The cow and the bear shall graze;
their young shall lie down together;
and the lion shall eat straw like the ox.
The nursing child shall play over the hole of the cobra,
and the weaned child shall put his hand on the adder’s den.
They shall not hurt or destroy
in all my holy mountain;
for the earth shall be full of the knowledge of the LORD
as the waters cover the sea.

In that day the root of Jesse, who shall stand as a signal for the peoples—of him shall the nations inquire, and his resting place shall be glorious.

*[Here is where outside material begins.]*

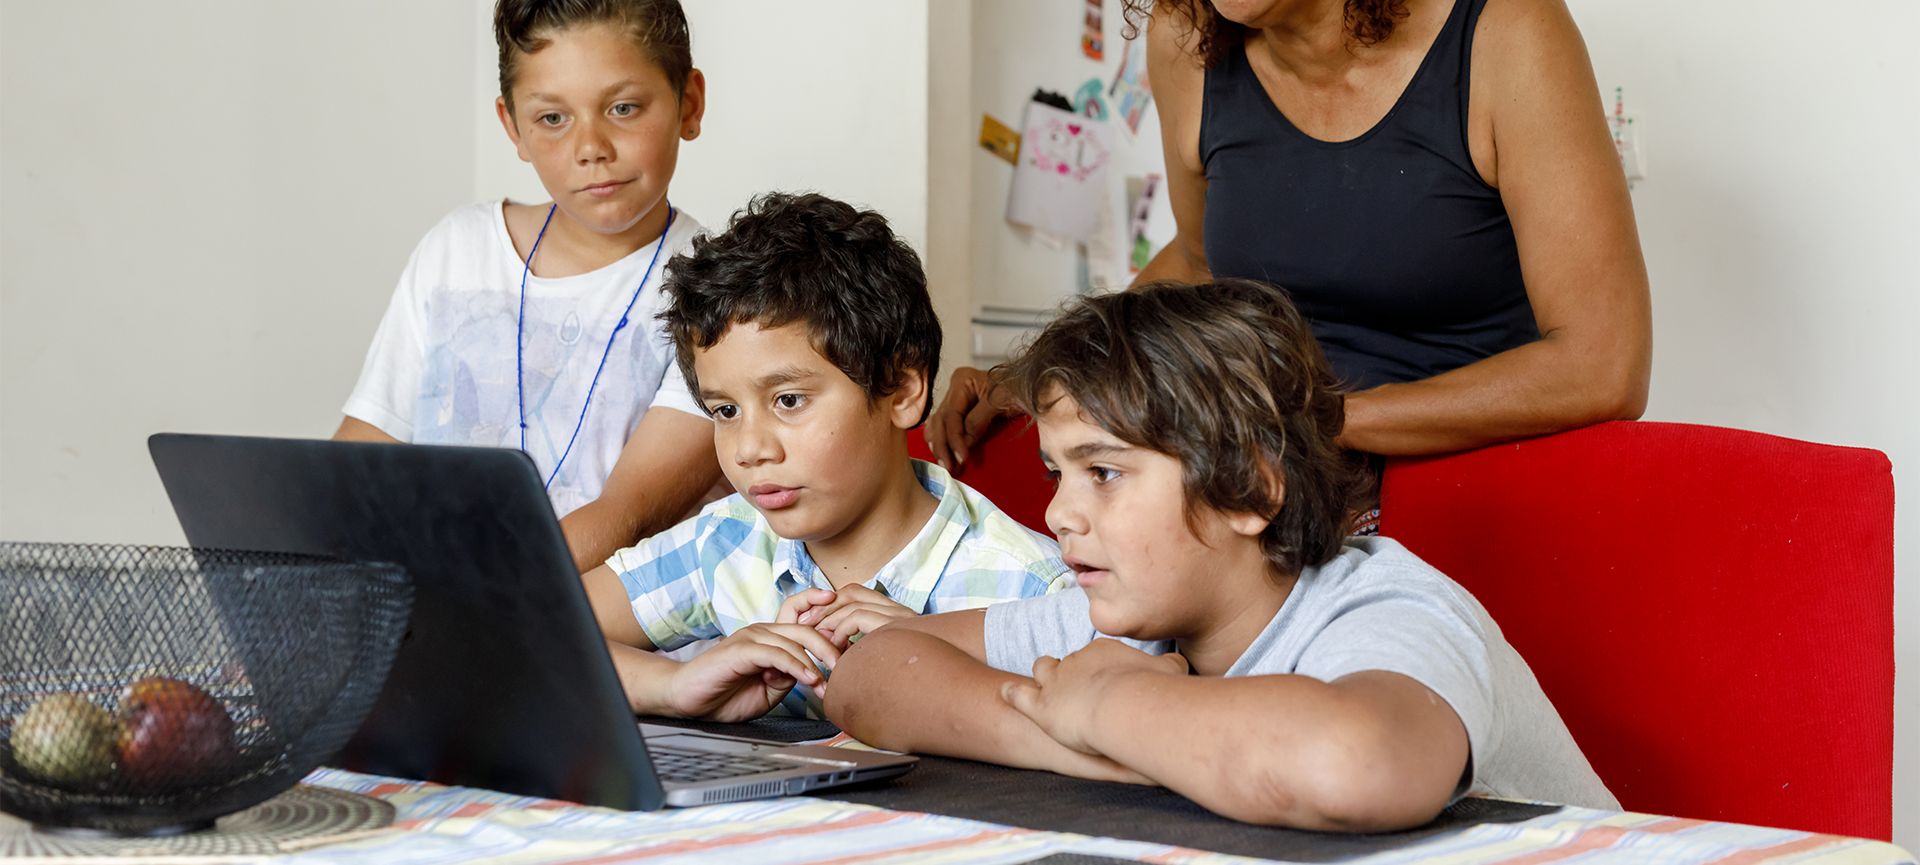 Aboriginal kids looking at laptop

In fact, Habbakuk prophesies that the wicked will not last, not by predicting the coming of Judgment Day, but rather predicting that the rise of worldwide godliness will bring about the destruction of those who attempt to build their kingdoms upon murder. In Chapter 2, which contains the same passage that the Apostle Paul uses to prove justification by faith alone, Habbakuk writes:

Woe to him who builds a town with blood
and founds a city on iniquity!
Behold, is it not from the LORD of hosts
that peoples labor merely for fire,
and nations weary themselves for nothing?
For the earth will be filled
with the knowledge of the glory of the LORD
as the waters cover the sea.

There is our hope: Not only the return of Jesus, but the victory of His Spirit and His Gospel giving the whole world true knowledge of him and of his Word, bringing about the end of wickedness and an end to the weariness of frustrated labor.